2. Gupta V, Mascarenhas J, Ali H, et al: Safety and efficacy of INCA033989, a novel first in class mutant calreticulin-specific monoclonal antibody, in patients with essential thrombocythemia. 2025 ASH Annual Meeting & Exposition. Abstract 1024. Presented December 8, 2025.

EXPERT POINT OF VIEW

Prithviraj Bose, MD, Professor in the Department of Leukemia at The University of Texas MD Anderson Cancer Center, commented on the preliminary data on myelofibrosis from the phase I INCA033989-101 and INCA033989-102 studies of the mutant calreticulin–specific monoclonal antibody INCA033989 in an interview with The ASCO Post.

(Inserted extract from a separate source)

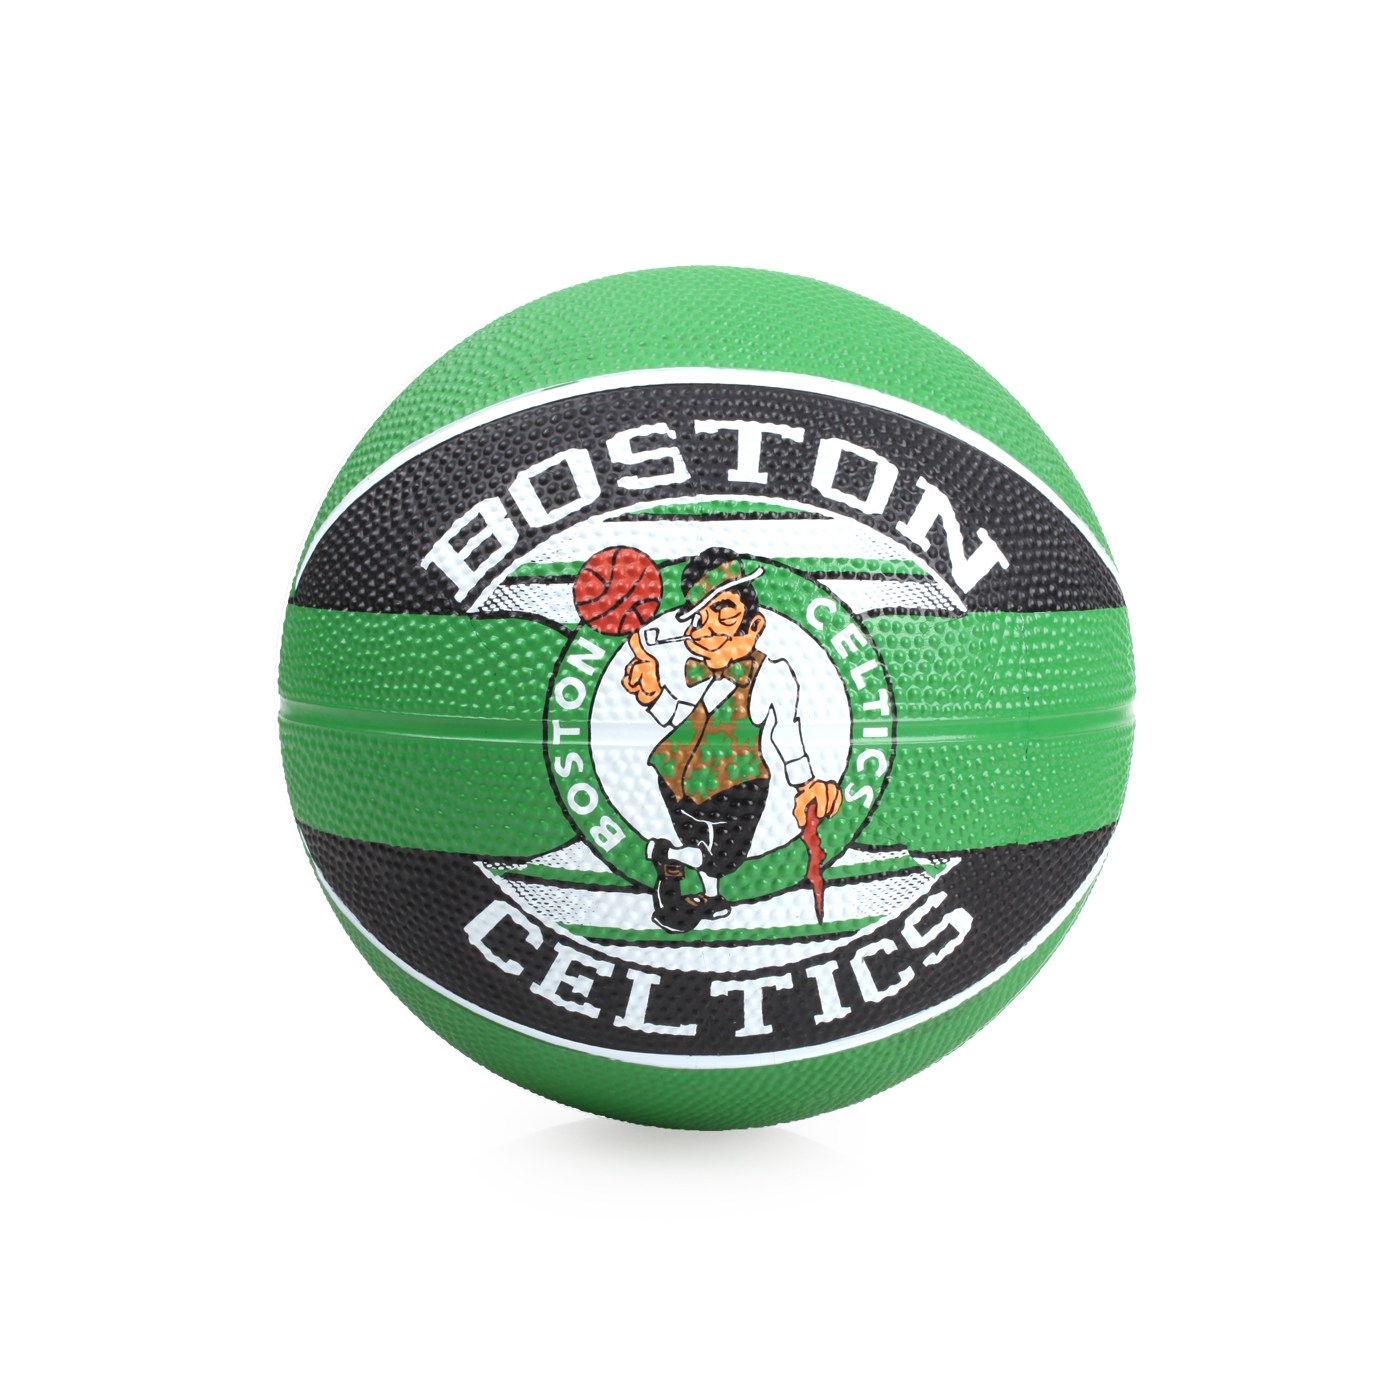 SPALDING 兒童-賽爾提克 Celtics SZ3 籃球 SPA83605 - 綠黑

“I can say, without hesitation, the results were very, very positive, and [INCA033989] was extremely well tolerated. I was very impressed with what I saw in myelofibrosis, and we saw even better results in essential thrombocythemia, which you’d expect because it’s a less genomically complex disease,” Dr. Bose said.

Dr. Bose spoke about the need to identify agents that can effectively target mutant CALR: “This is the driver mutation in 25% to 30% of patients with primary myelofibrosis and essential thrombocythemia. Currently, our treatment landscape consists of JAK inhibitors, which are not specific to this driver mutation and do not eradicate the underlying malignant clone. They make patients feel better and even live longer, shrink spleens, and some improve anemia, but they don’t really modify the underlying disease to a major degree. That’s where a drug that selectively targets the driver mutation, such as this one, clearly has appeal.”

In the study, treatment with INCA033989 also resulted in a reduction in mutant CALR variant allele frequency, and this might be a signal of early disease modification, though this remains to be seen, Dr. Bose added. He said that the addition of a disease-modifying agent to the treatment armamentarium would be a true treatment advance. 

DISCLOSURE: Dr. Bose has received research support from Incyte, BMS, CTI (now Sobi), Geron, Janssen, Ionis, Disc, Sumitomo, Karyopharm, Kartos, Telios, MorphoSys (now Novartis), Ajax, Merck, Blueprint Medicines, and Cogent; and has received honoraria/consulting fees from Incyte, BMS, Sobi, GSK, AbbVie, PharmaEssentia, Geron, Ionis, Disc, Sumitomo, Karyopharm, Novartis, Merck, Takeda, Morphic, Jubilant, RayThera, Blueprint Medicines, and Cogent.